## Entries provided
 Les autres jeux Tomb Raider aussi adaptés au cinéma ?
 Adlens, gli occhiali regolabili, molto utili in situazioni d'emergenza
==
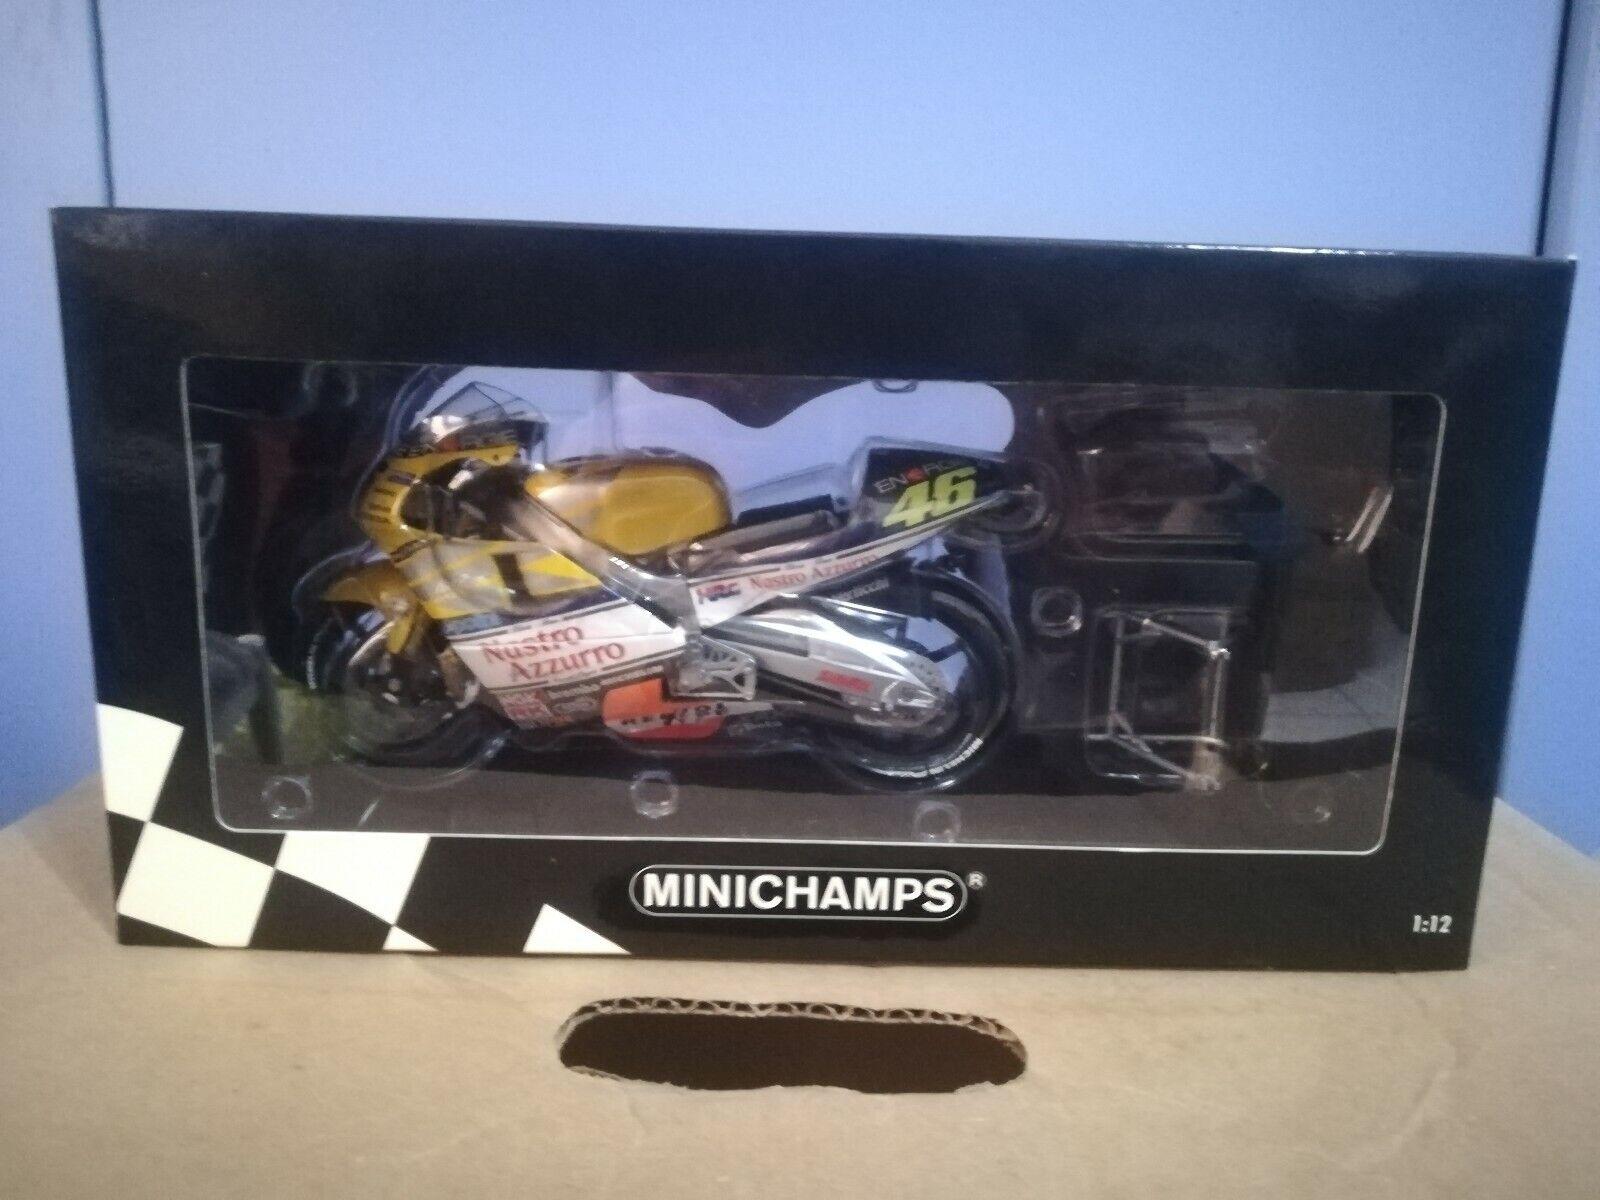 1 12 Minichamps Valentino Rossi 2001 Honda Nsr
--
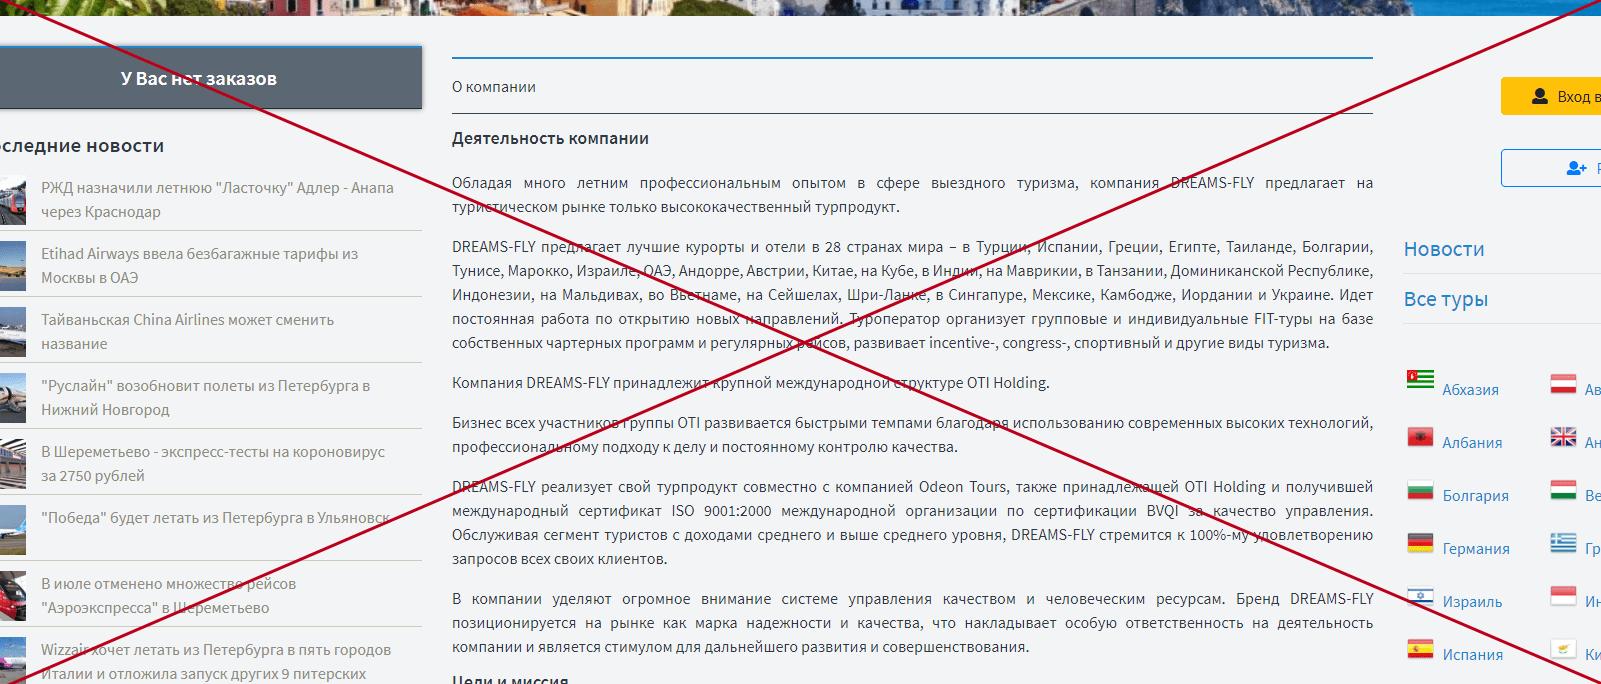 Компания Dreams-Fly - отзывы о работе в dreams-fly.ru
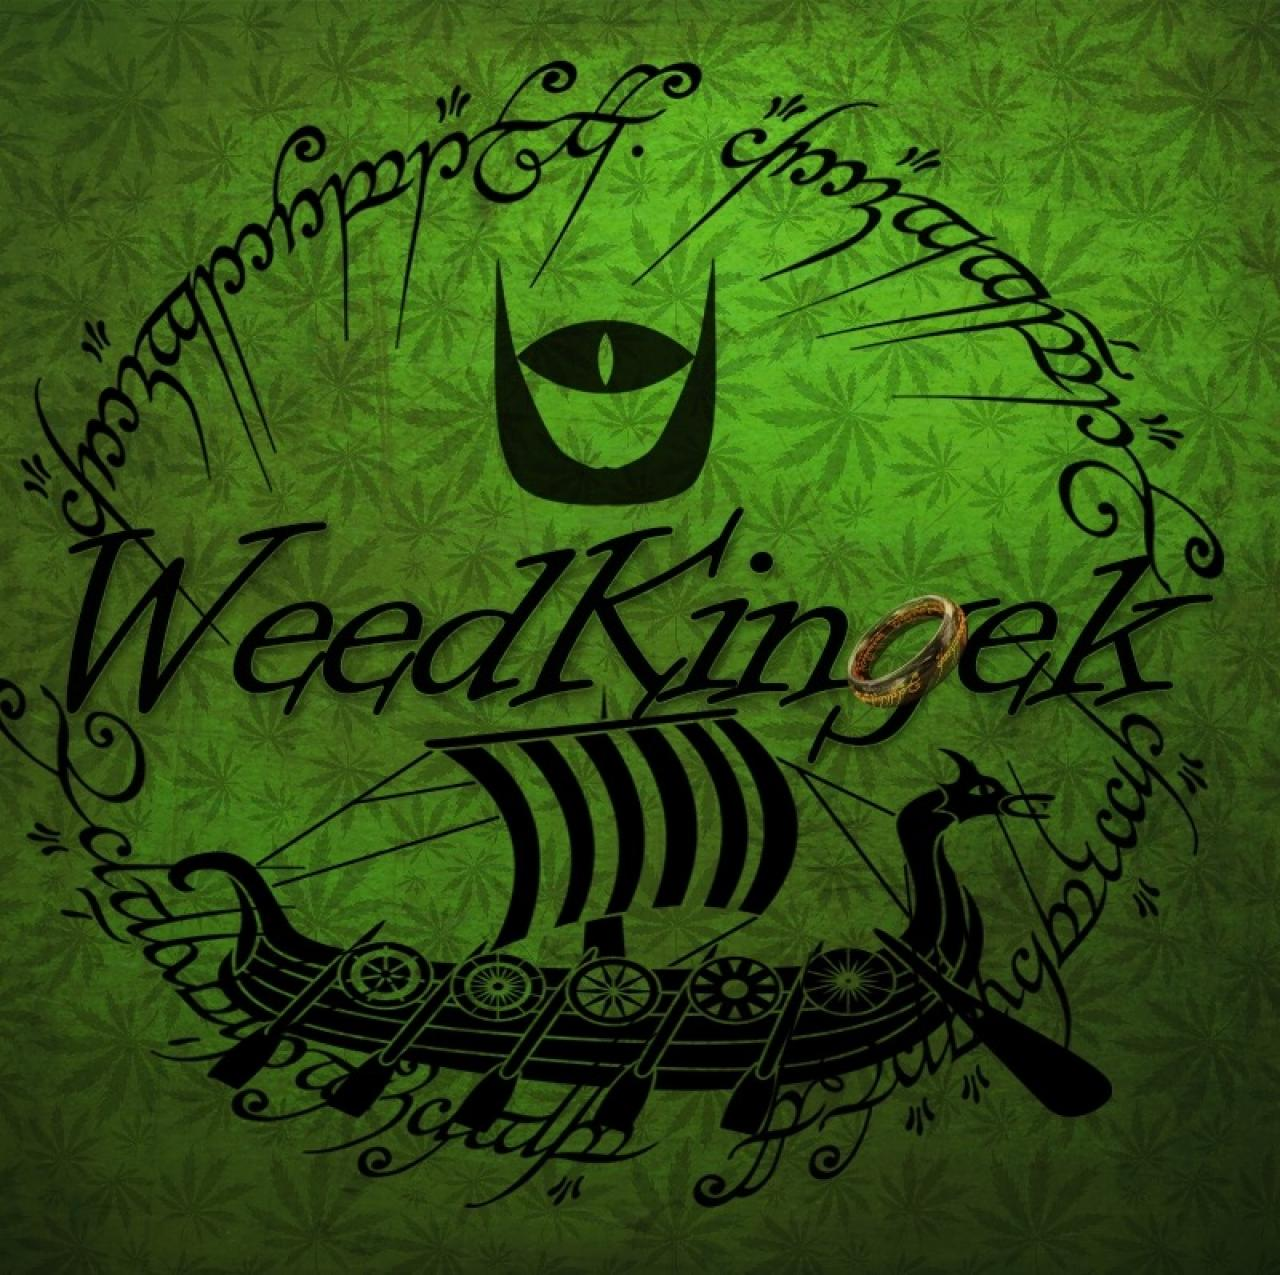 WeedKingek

## How to complete this task
In the listing above, locate the line containing "Les autres jeux" and the line containing "Adlens, gli occhiali". Extract those two lines and every line between them, exactly as written, and only those.

## Solution
 Les autres jeux Tomb Raider aussi adaptés au cinéma ?
 Adlens, gli occhiali regolabili, molto utili in situazioni d'emergenza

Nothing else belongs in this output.